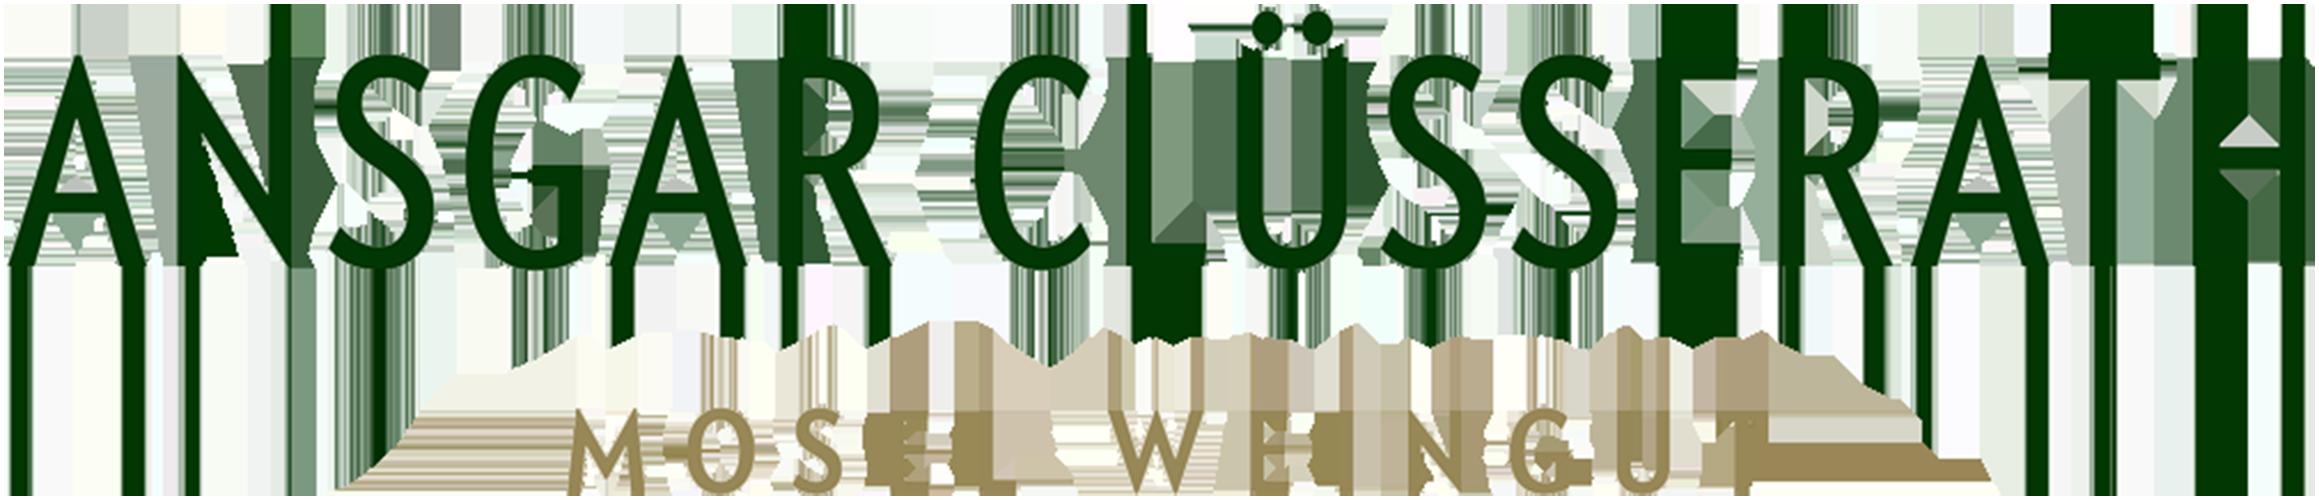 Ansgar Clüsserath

==

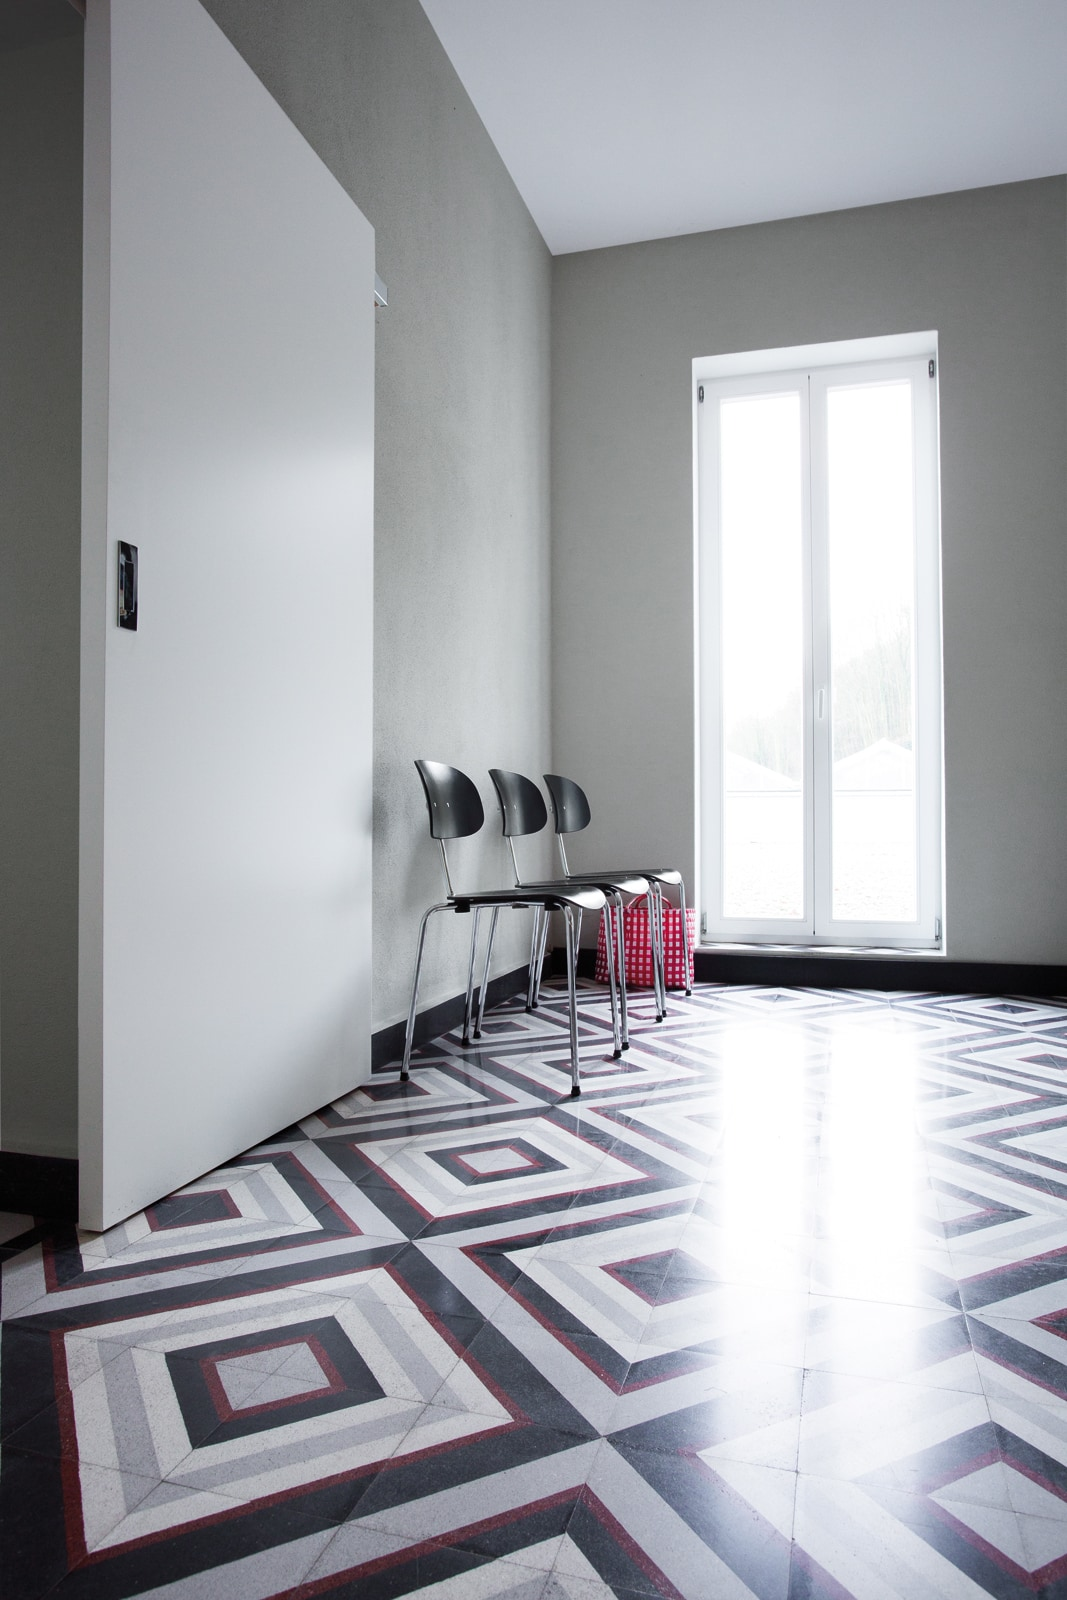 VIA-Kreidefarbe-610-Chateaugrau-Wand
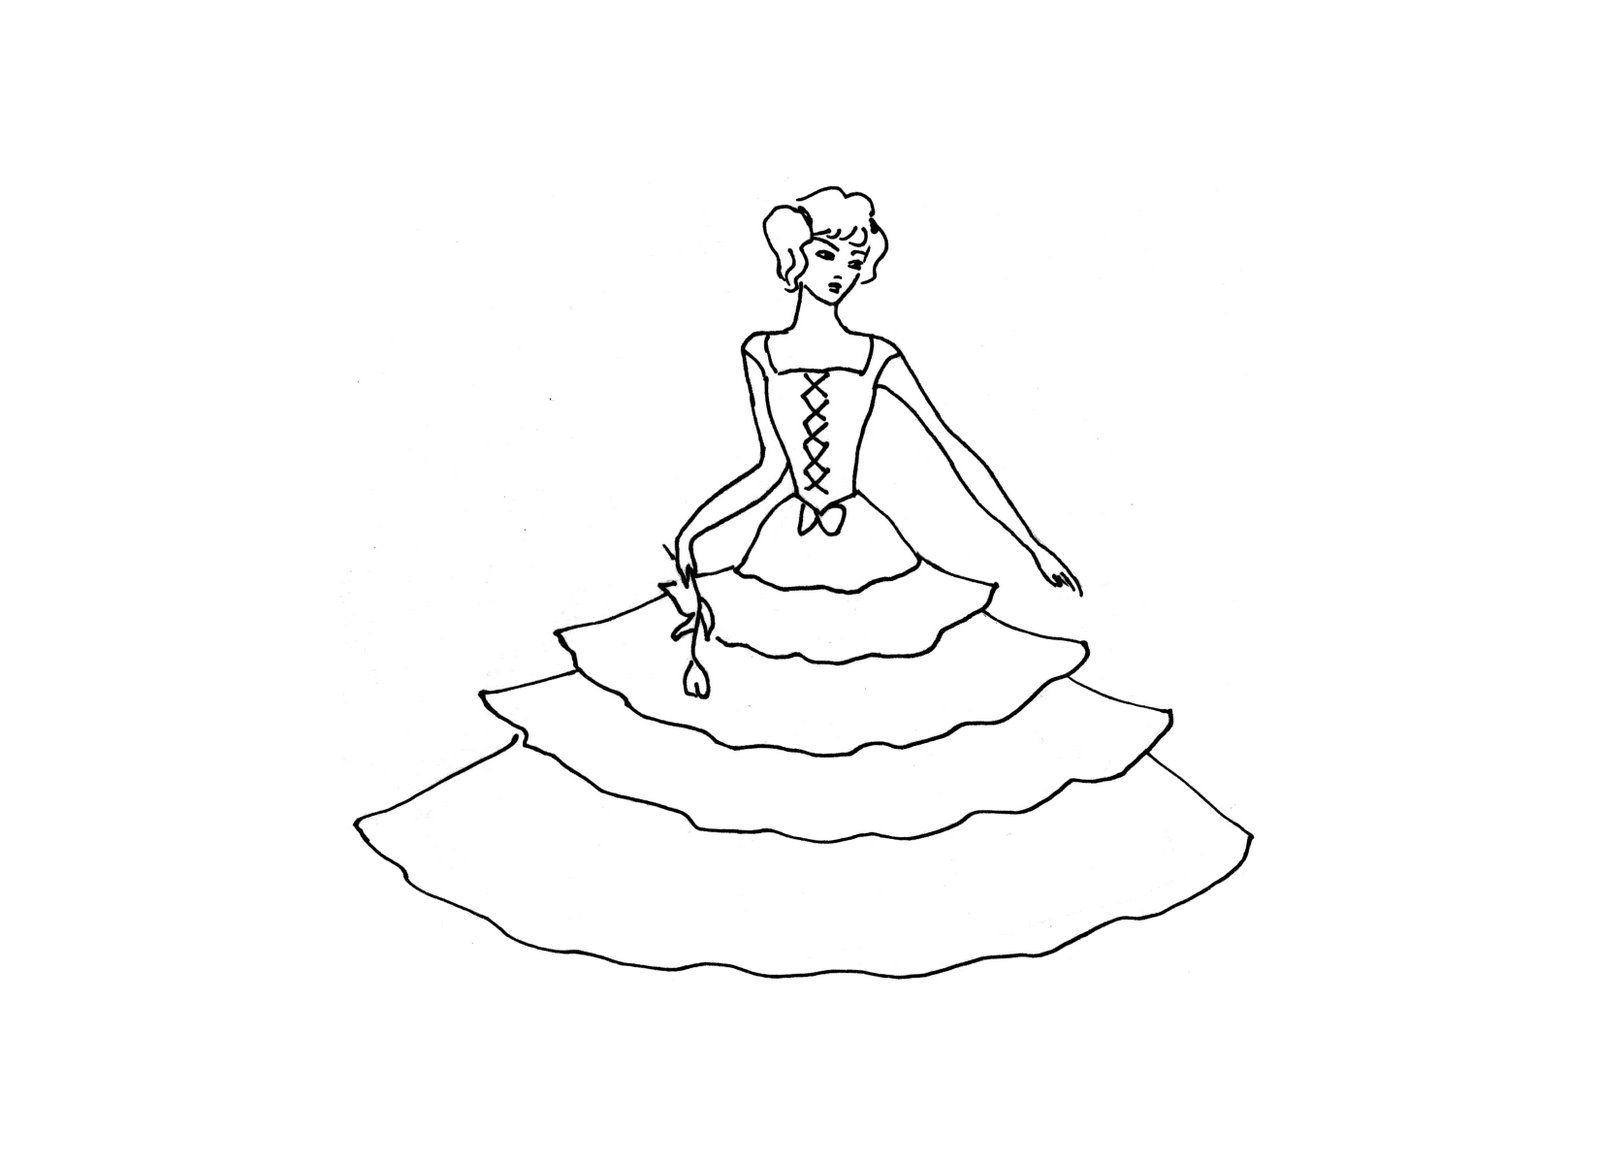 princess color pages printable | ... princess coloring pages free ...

* * *

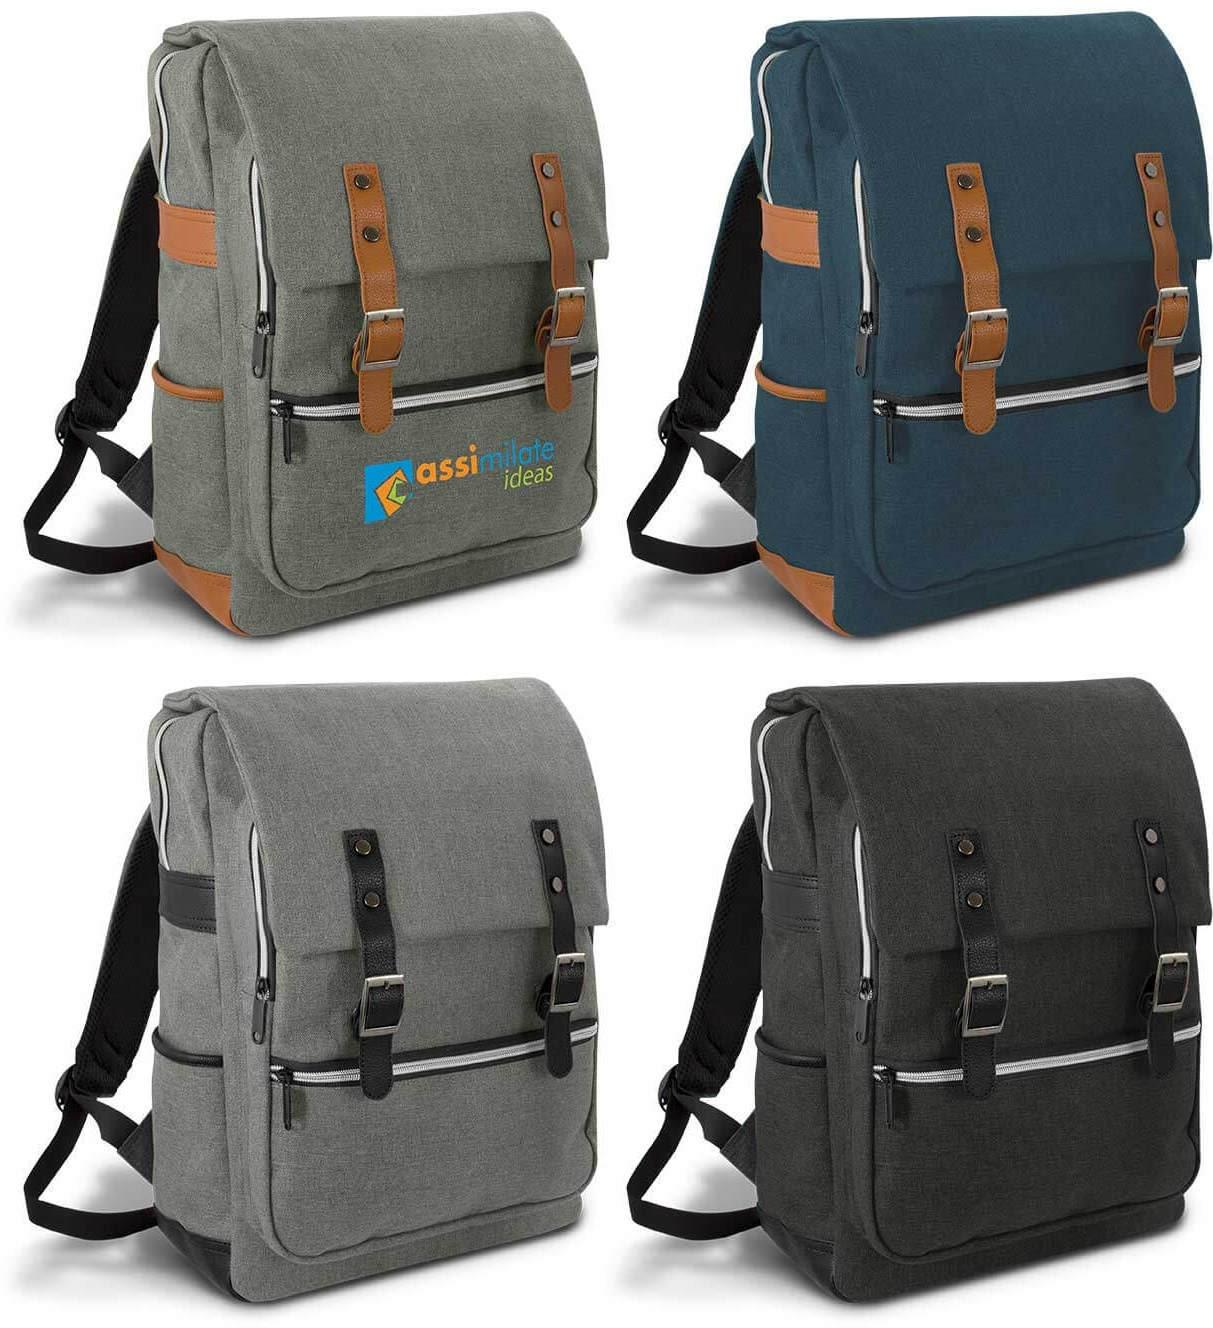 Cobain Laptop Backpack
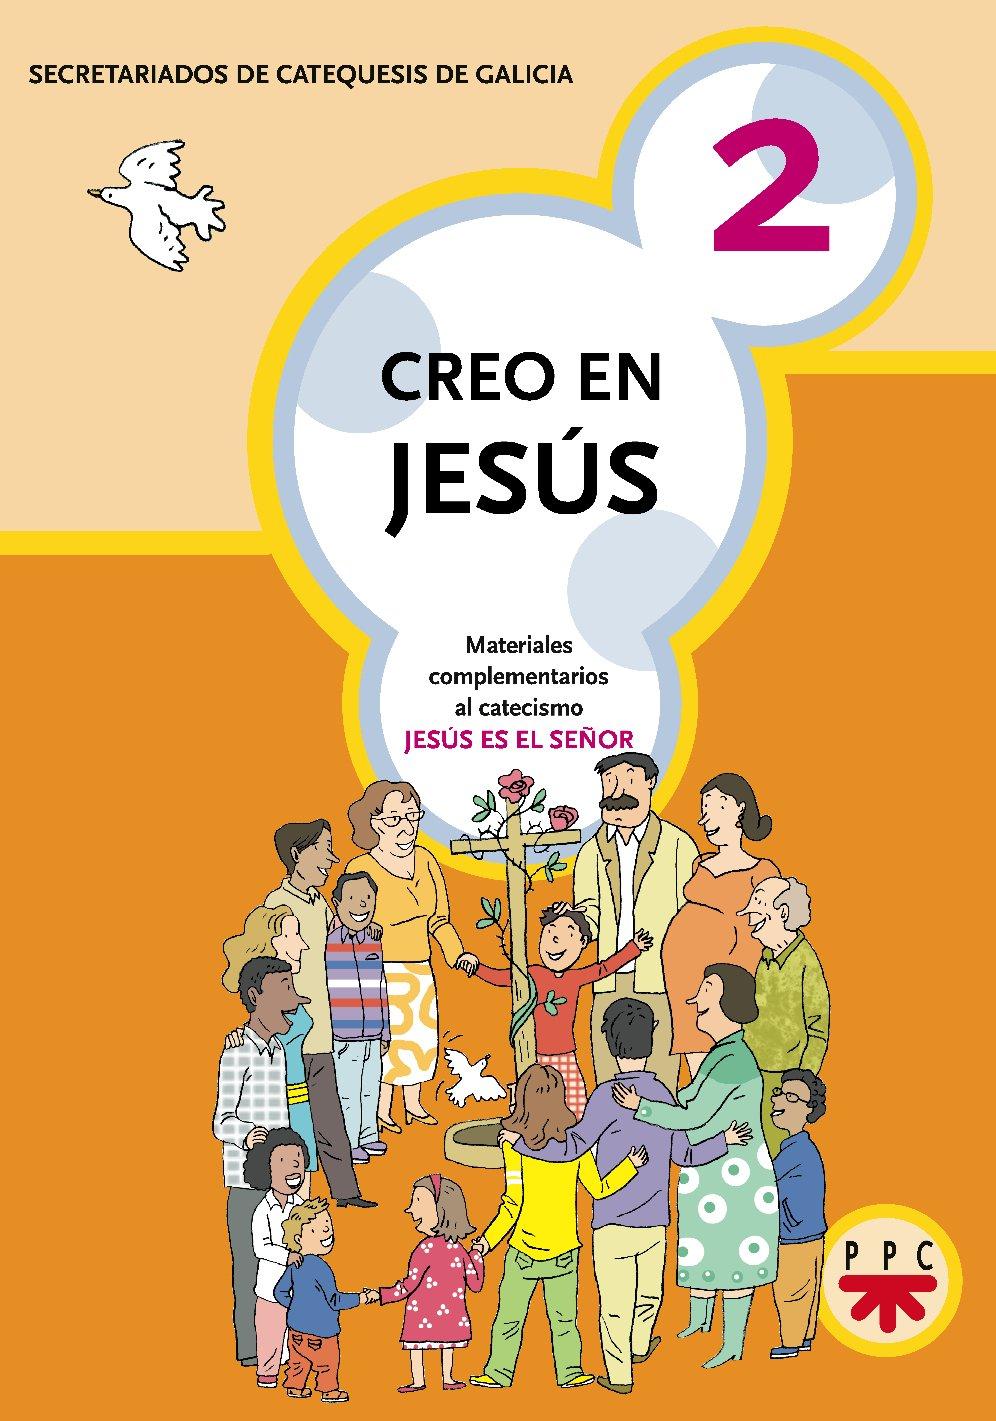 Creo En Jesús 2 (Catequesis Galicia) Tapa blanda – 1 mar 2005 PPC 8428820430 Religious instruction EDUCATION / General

» **What is needed**: Range to copy from the records above: the line containing "Cobain Laptop Backpack" to the line containing "Creo En Jesús", both included. Output those lines exactly and only those, skipping pictures.

» **Solved exercise**:
 Cobain Laptop Backpack
 Creo En Jesús 2 (Catequesis Galicia) Tapa blanda – 1 mar 2005 PPC 8428820430 Religious instruction EDUCATION / General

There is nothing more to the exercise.